El régimen reitera algunas ofertas concebidas en los escritorios de sus propagandistas: «acelerar una reactivación del país» que no arranca, «crear oportunidades” imponiendo medidas impopulares, hablar del «gobierno del encuentro» en pleno desencuentro nacional, apelando a un diálogo de sordos por una senda de ciegos y mudos.
No en vano, los trabajadores desconfían de las promesas oficiales ante la eventualidad de una reforma laboral que conculca derechos adquiridos. Los indígenas decepcionados y sin respuesta a sus demandas, desisten de sentarse a dialogar, una vez más, con las paredes del palacio de Gobierno. Los empresarios, pragmáticos ellos, materialistas en sus ideales, cuestionan reformas tributarias y alzas de sueldos que intuyen contrarias a sus intereses de clase, porque sospechan que por ahí no va el camino de su recuperación económica. Las mujeres levantan su voz en contra de la discriminación y violencia de género que amenaza sus vidas. Ni una más ni una menos, dicen, en rechazo al oprobio sexual, político, social y económico de una sociedad patriarcal y reaccionaria. Los jóvenes se rebelan ante promesas demagógicas de empleo y oportunidades de estudio superior que, en los hechos, burlan sus sueños etarios. Son los ecos del clamor ciudadano y popular.

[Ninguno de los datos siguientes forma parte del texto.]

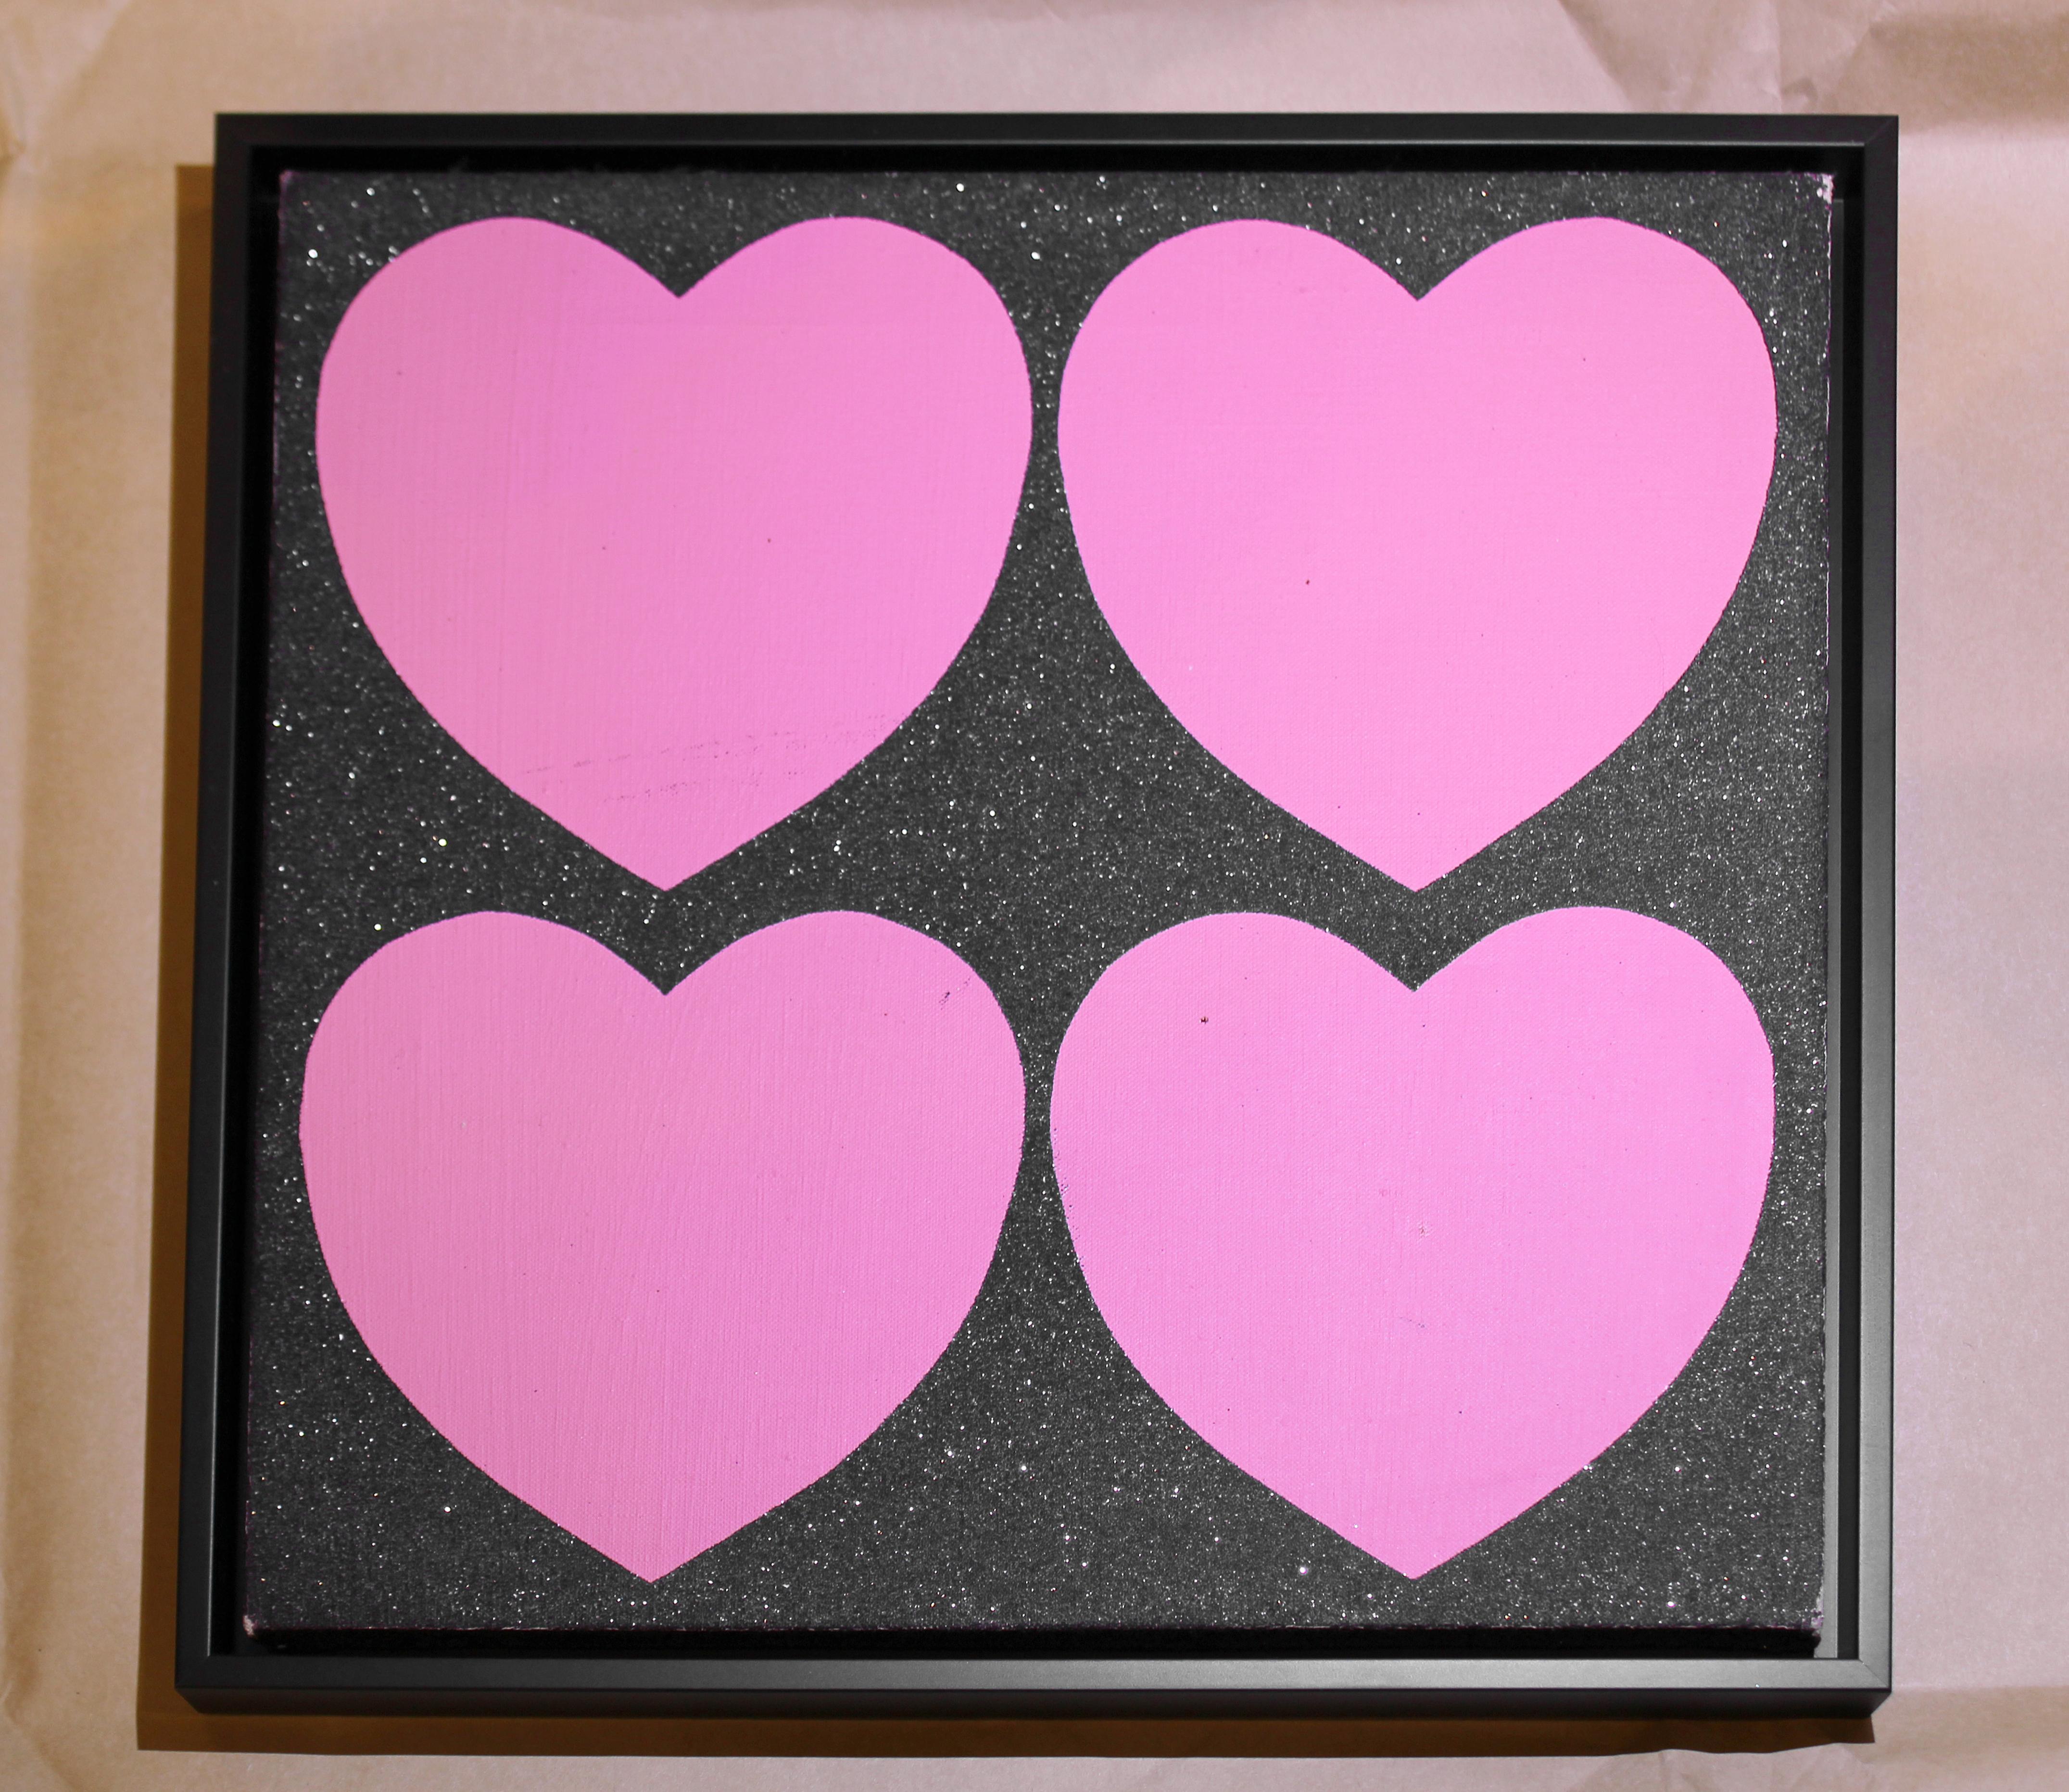 Unique silkscreen painting by Andy Warhol.

Four Hearts, is a painting Warhol created in 1986, featuring silkscreen enamel and diamond dust on canvas.  This work is signed and dedicated on the reverse by Andy Warhol.  It is believed that Warhols

La noche del 31, en medio de los humeantes restos del año 2021, nos daremos un abrazo desafiando el distanciamiento social para rencontrarnos verdaderamente en la esperanza, con la paciencia perdida y los anhelos de transformar el presente y el pasado en un renovado porvenir. Solo así creeremos en la posibilidad de que la esperanza y la paciencia sobrevivan, juntas, en la lucha popular por un futuro mejor.